Сейчас Таисия выходила из туалета, по-королевски держа спину. Её вид означал: сегодня она – обычный человек, за унитаз и краны беспокоиться не нужно.
– Вам помочь? – задала дежурный вопрос Мария.
Таисия не ответила. Прошла мимо, словно Марии не существует, словно не видит её. «Ещё одно чудачество», – подумала она и, зайдя в её уютную четырёхместку. Она стояла и наблюдала, как Таисия снимает халат и укладывается на свою кровать. Чин-чинарём. Мария подошла и только поправила одеяло.

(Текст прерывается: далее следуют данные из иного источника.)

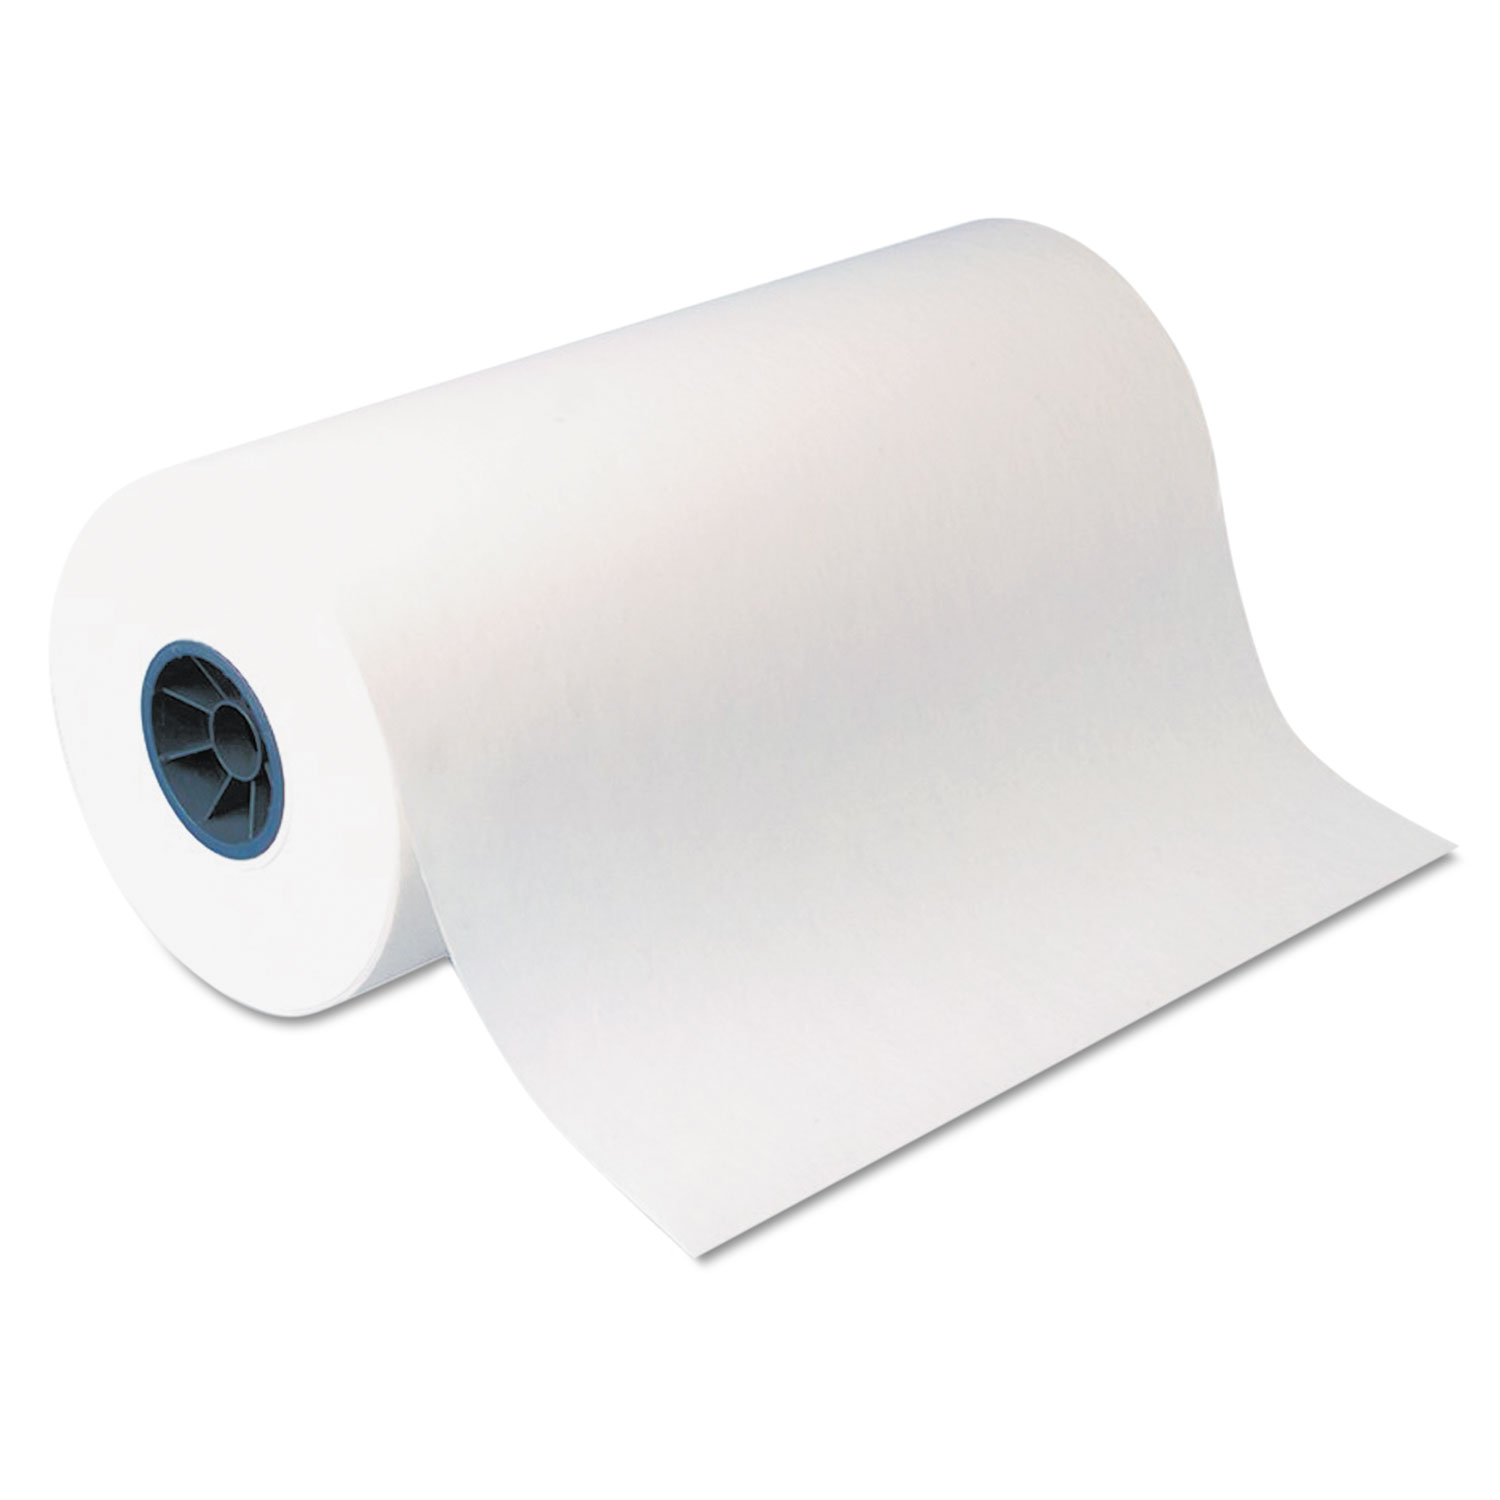  Dixie KL18 Kold-Lok Polyethylene-Coated Freezer Paper Roll, 18 x 1100 ft, White (DXEKL18)

– Спасибо, – холодно поблагодарила Таисия к великому удивлению Марии.
…
Ночь была тёплая и красивая, прозрачное небо сплошь усыпано звёздами. А этот волнующий аромат поздней, почти ушедшей весны? Мария приоткрыла окно и вдохнула в себя сладкий воздух.
«Хорошо здесь, – подумала она. – И впрям, как в санатории». Она выключила телевизор и бухнулась на диван.
Тишина. Только звонкий стрёкот постоянно выныривал из темноты, стрёкот на редкость знакомый, откуда-то из детства. «Сверчки!» – вспомнила Мария. Поют звонко, но прячутся так, что не найдёшь. Лишь в одно лето, когда она гостила у бабушки, ей удалось увидеть сверчков, рыжих, огромных, похожих на тараканов, вызывающих брезгливость, а не вожделенный интерес. Но если бы сейчас Марии подсунули сверчка, она бы обрадовалась! Такая интересная штука – жизнь.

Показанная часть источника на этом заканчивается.